I greatly appreciate everyone's time and effort to help me!
I think I have an answer. I would love some feedback or critiques of ways I could improve this (especially if I'm off base).
Define $X_{i}$ as above.

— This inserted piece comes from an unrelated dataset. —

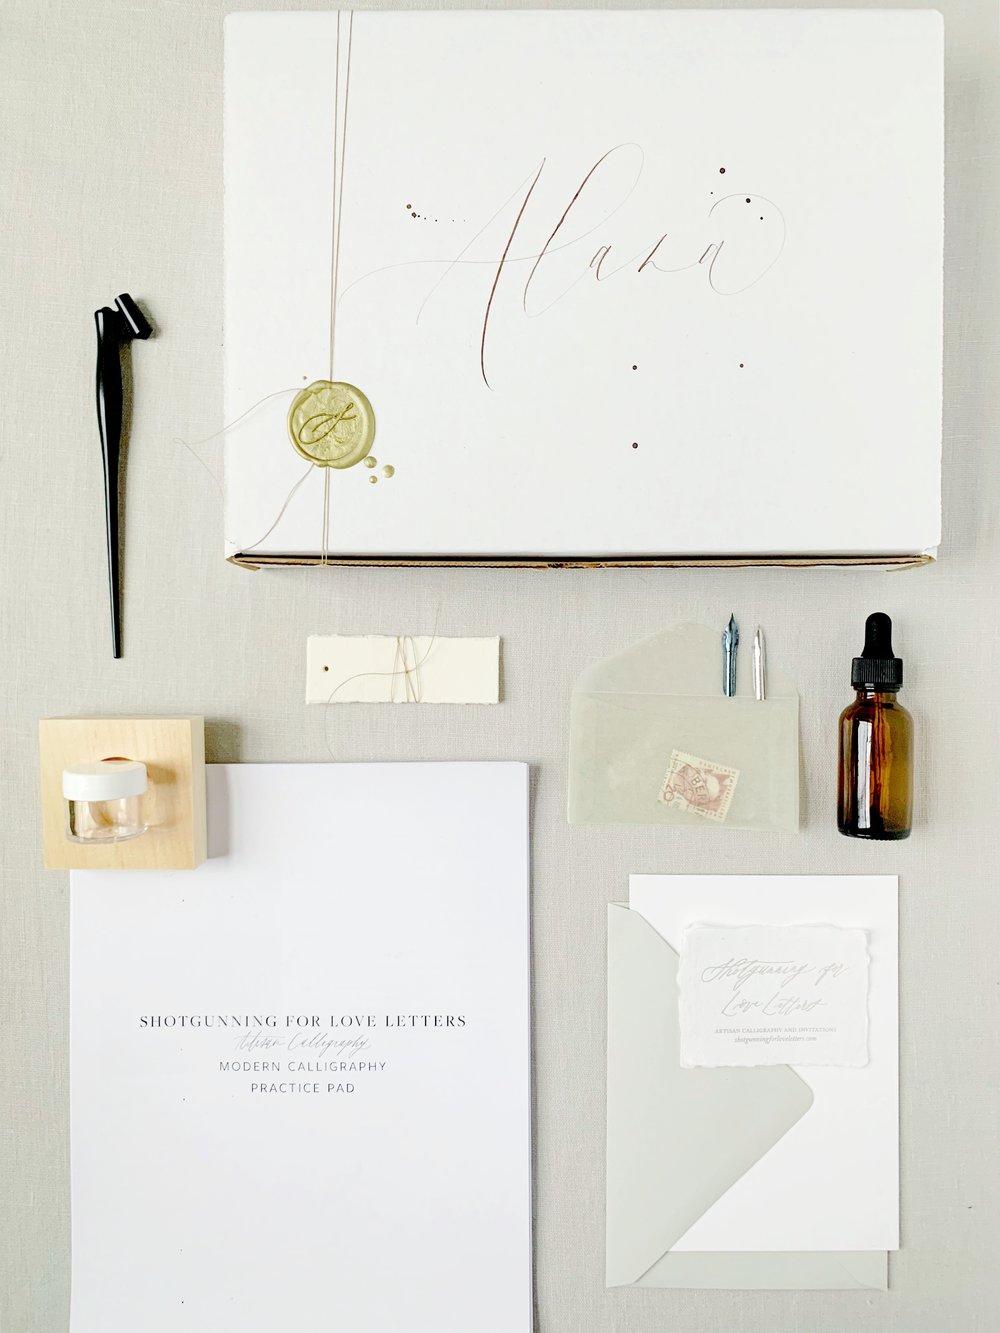 Learn Modern Calligraphy Beginners Kit | Shotgunning for Love Letters

We have:
$$Pr[v \in \bigcup_{i=2}^{\binom{n}{3}} X_{i}] = 1 - Pr[v \in X_{0}] - Pr[v \in X_{1}]$$
It suffices to show:
$$\lim_{n \to \infty} Pr[v \in \bigcup_{i=2}^{\binom{n}{3}} X_{i}] = \lim_{n \to \infty} (1 - Pr[v \in X_{0}] - Pr[v \in X_{1}]) = 0$$
We have: $Pr[v \in X_{0}]$ and $Pr[v \in X_{1}]$ as in the OP. Evaluating $Pr[v_{0} \in X_{1}] + Pr[v \in X_{1}]$:
$$Pr[v_{0} \in X_{1}] + Pr[v \in X_{1}] = (1-p)^{n-1} + (n-1)p(1-p)^{n-2} + \sum_{k=2}^{n-1} \binom{n-1}{k}p^{k}(1-p)^{n-k-2+\binom{k}{2}} \biggr[ \biggr( \binom{k}{2} - 1 \biggr)p + 1 \biggr]$$
Evaluating: $$ \lim_{n \to \infty} Pr[v_{0} \in X_{1}] + Pr[v \in X_{1}] = \lim_{n \to \infty} (1-p)^{n-1} + \lim_{n \to \infty} (n-1)p(1-p)^{n-2} + \lim_{n \to \infty} \sum_{k=2}^{n-1} \binom{n-1}{k}p^{k}(1-p)^{n-k-2+\binom{k}{2}} \biggr[ \biggr( \binom{k}{2} - 1 \biggr)p + 1 \biggr] $$
We have $\lim_{n \to \infty} (1-p)^{n-1} + \lim_{n \to \infty} (n-1)p(1-p)^{n-2} = e^{-d}(1 + d)$.
Now applying the linearity property of the limit, we obtain:
$$\lim_{n \to \infty} \sum_{k=2}^{n-1} \binom{n-1}{k}p^{k}(1-p)^{n-k-2+\binom{k}{2}} \biggr[ \biggr( \binom{k}{2} - 1 \biggr)p + 1 \biggr] = $$
$$\sum_{k=2}^{\infty} \lim_{n \to \infty}\binom{n-1}{k}p^{k}(1-p)^{n-k-2+\binom{k}{2}} \biggr[ \biggr( \binom{k}{2} - 1 \biggr)p + 1 \biggr]$$
Distributing $\biggr[ \biggr( \binom{k}{2} - 1 \biggr)p + 1 \biggr]$ and applying the linearity property of the limit again, we obtain:
$\lim_{n \to \infty}\binom{n-1}{k}p^{k+1}(1-p)^{n-k-2+\binom{k}{2}} (\binom{k}{2}-1) = 0$.
So:
$$\sum_{k=2}^{\infty} \lim_{n \to \infty}\binom{n-1}{k}p^{k}(1-p)^{n-k-2+\binom{k}{2}} \biggr[ \biggr( \binom{k}{2} - 1 \biggr)p + 1 \biggr] = $$
$$\sum_{k=2}^{\infty} \lim_{n \to \infty}\binom{n-1}{k}p^{k}(1-p)^{n-k-2+\binom{k}{2}}$$
And $\lim_{n \to \infty}\binom{n-1}{k}p^{k}(1-p)^{n-k-2+\binom{k}{2}} = \dfrac{d^{k}}{e^{d}k!}$.
Thus:
$$\sum_{k=2}^{\infty} \lim_{n \to \infty}\binom{n-1}{k}p^{k}(1-p)^{n-k-2+\binom{k}{2}} = \sum_{k=2}^{\infty} \dfrac{d^{k}}{e^{d} k!} = \dfrac{e^{d} - d - 1}{e^{d}}$$
Recall $\lim_{n \to \infty} (1-p)^{n-1} + \lim_{n \to \infty} (n-1)p(1-p)^{n-2} = e^{-d}(1 + d)$. Adding these limits up yields: $1$.
And so: $\lim_{n \to \infty} (1 - Pr[v \in X_{0}] - Pr[v \in X_{1}]) = 0$, proving the desired result.